* WHAT YOU ARE ASKED TO DO: Go through the listing below and write out exactly the lines from the one that mentions "Cultura do milho: plantação" through the one that mentions "Verizon GT701C user", minus the pictures.

* INFORMATION:
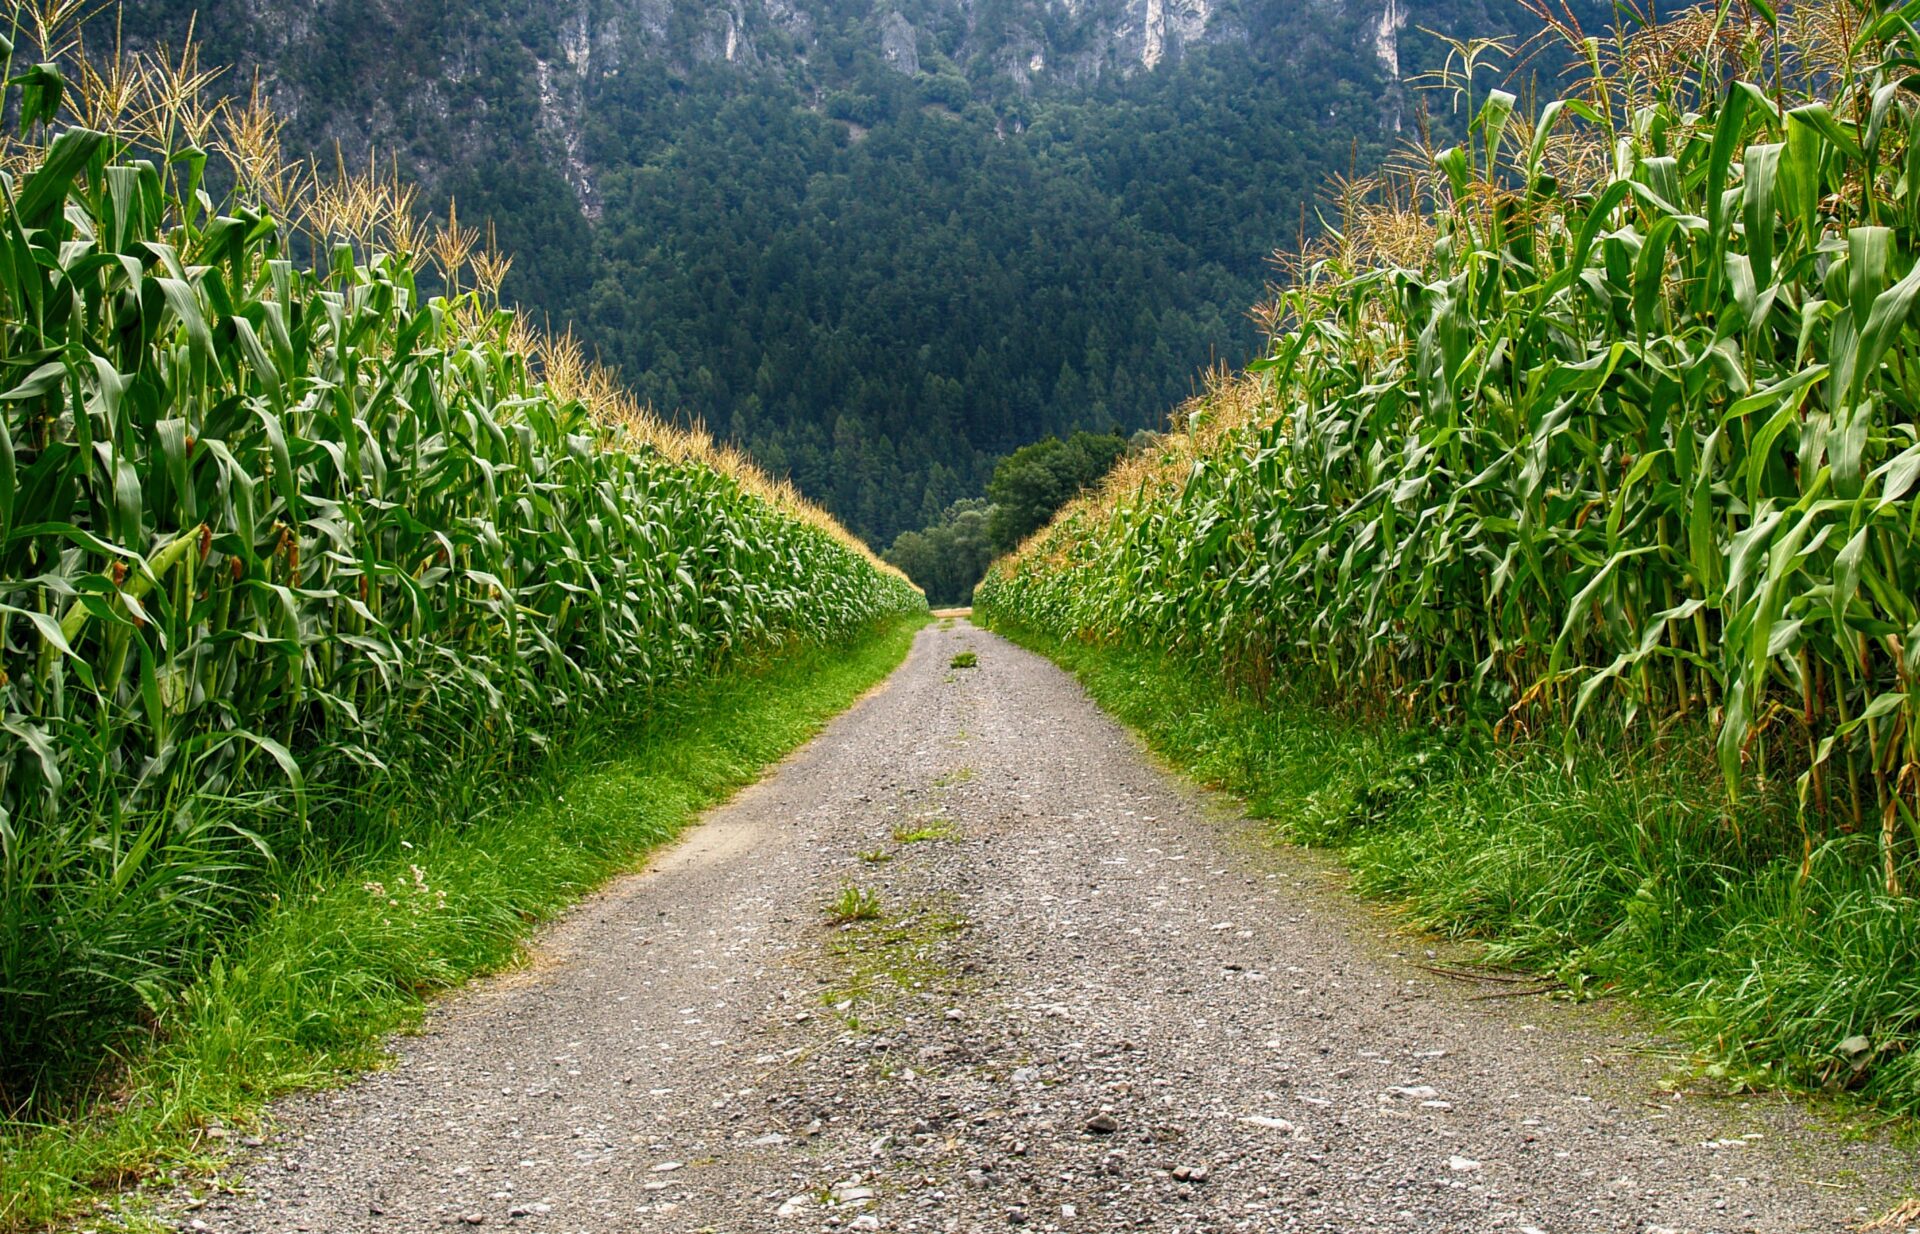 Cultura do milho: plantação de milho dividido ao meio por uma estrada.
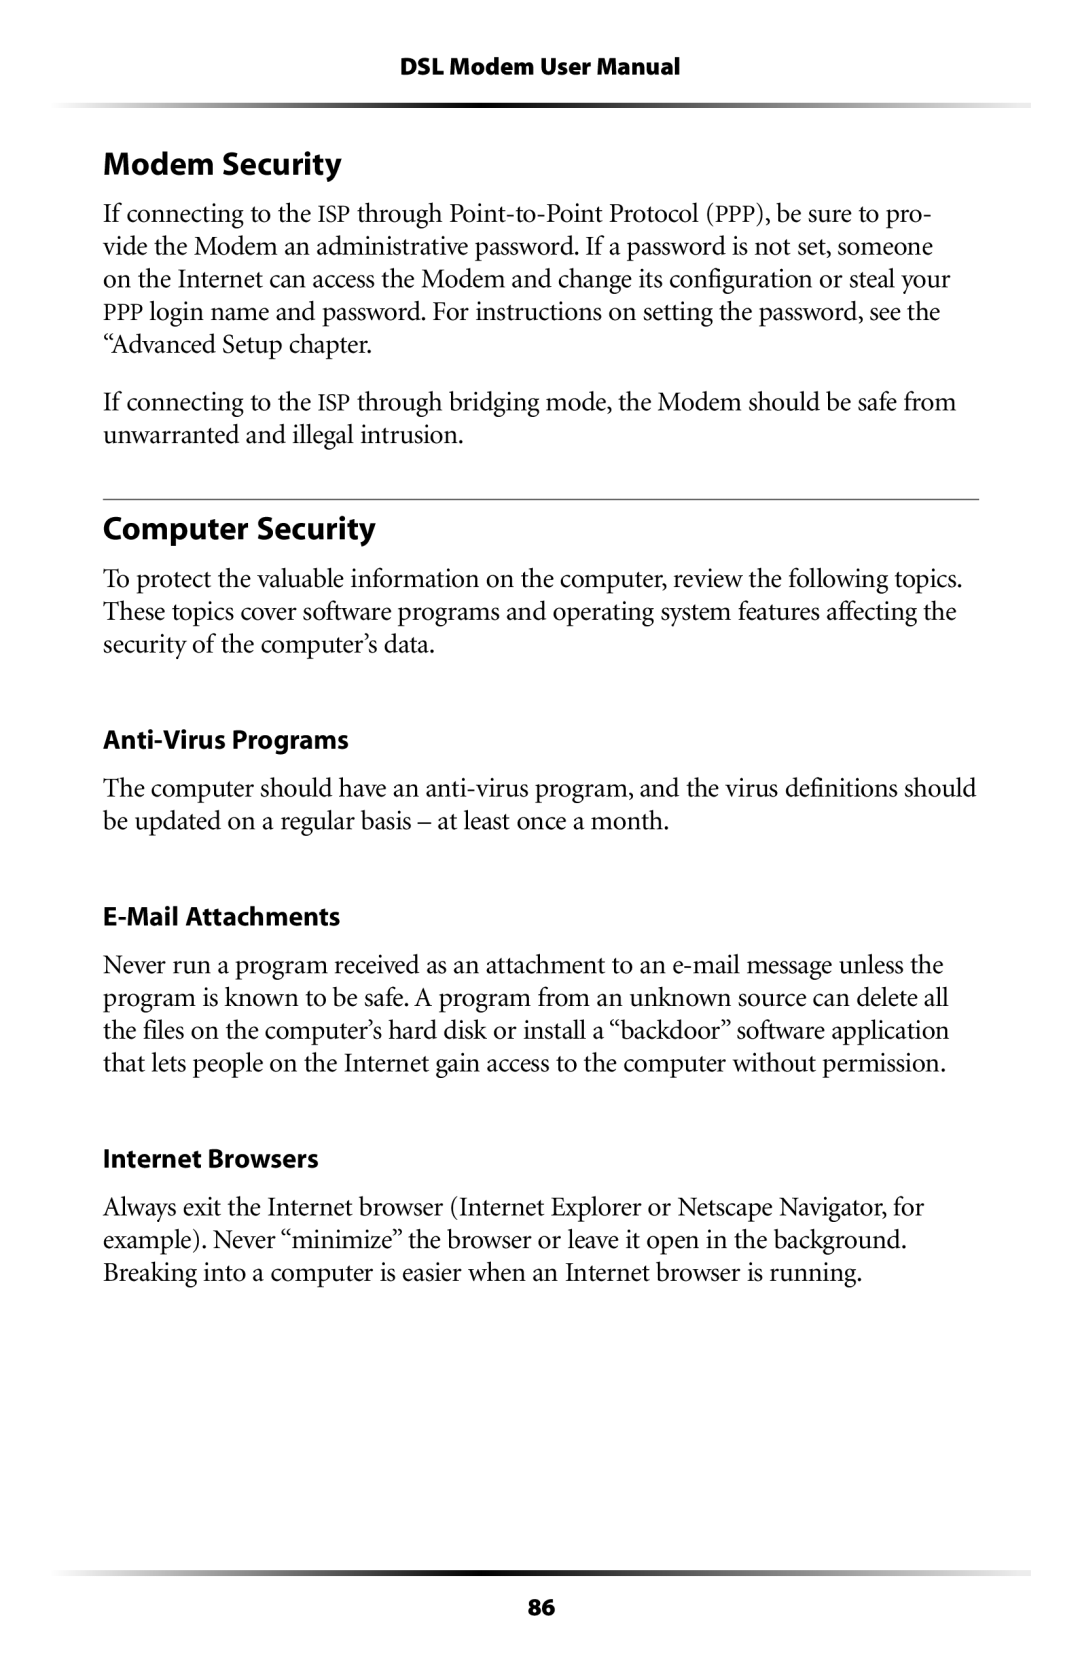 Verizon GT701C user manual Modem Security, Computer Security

==

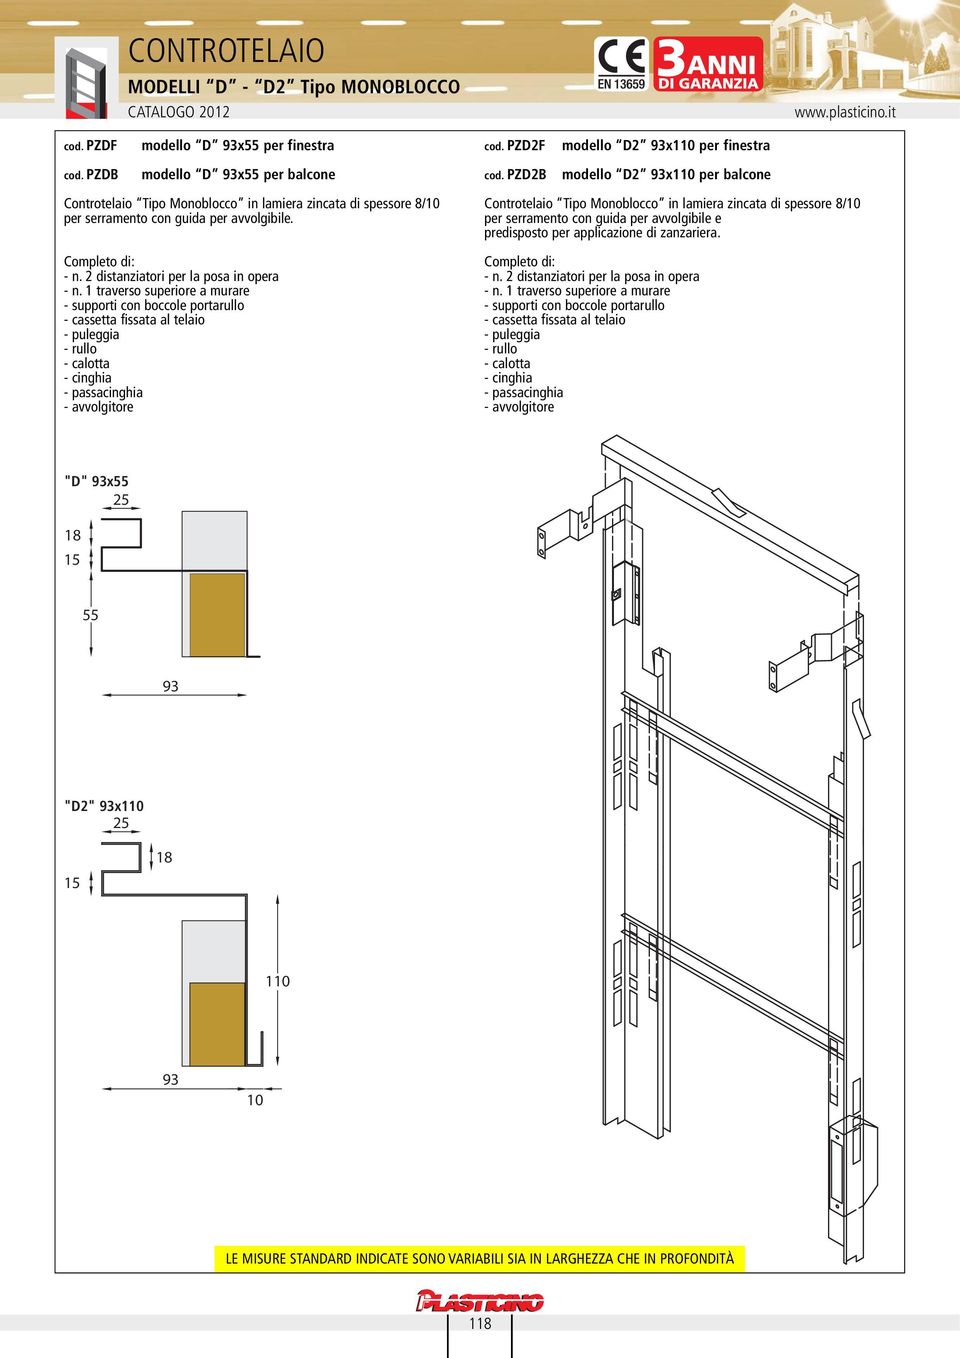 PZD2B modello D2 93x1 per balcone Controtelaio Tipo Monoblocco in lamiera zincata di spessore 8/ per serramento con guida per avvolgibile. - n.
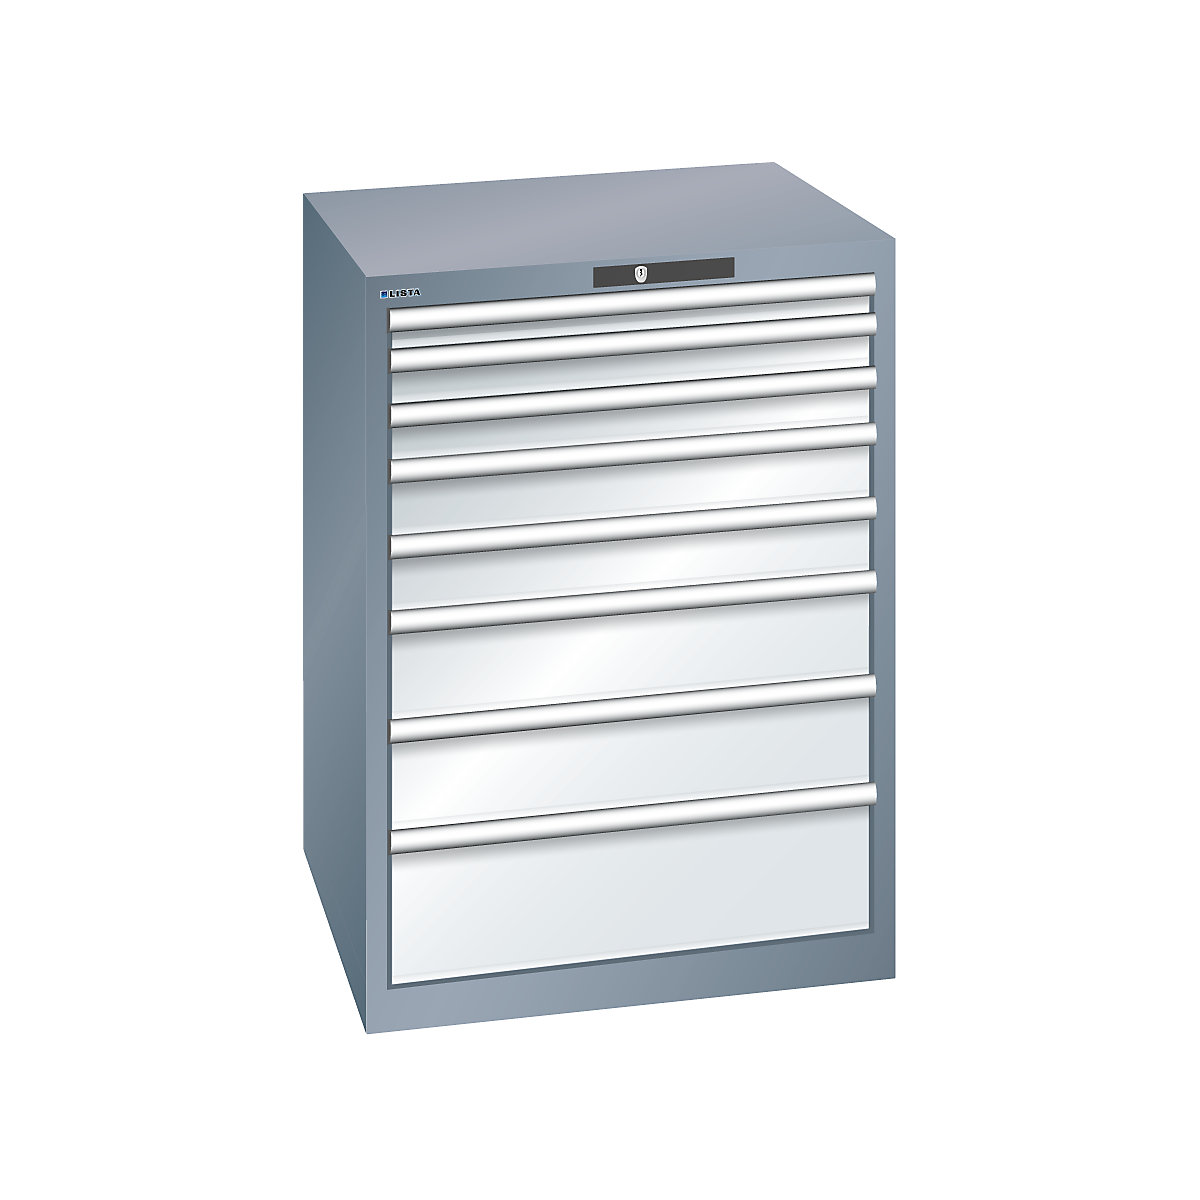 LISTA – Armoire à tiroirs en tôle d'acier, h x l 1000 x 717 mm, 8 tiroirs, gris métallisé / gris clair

* COMPLETED TASK:
 Cultura do milho: plantação de milho dividido ao meio por uma estrada.
 Verizon GT701C user manual Modem Security, Computer Security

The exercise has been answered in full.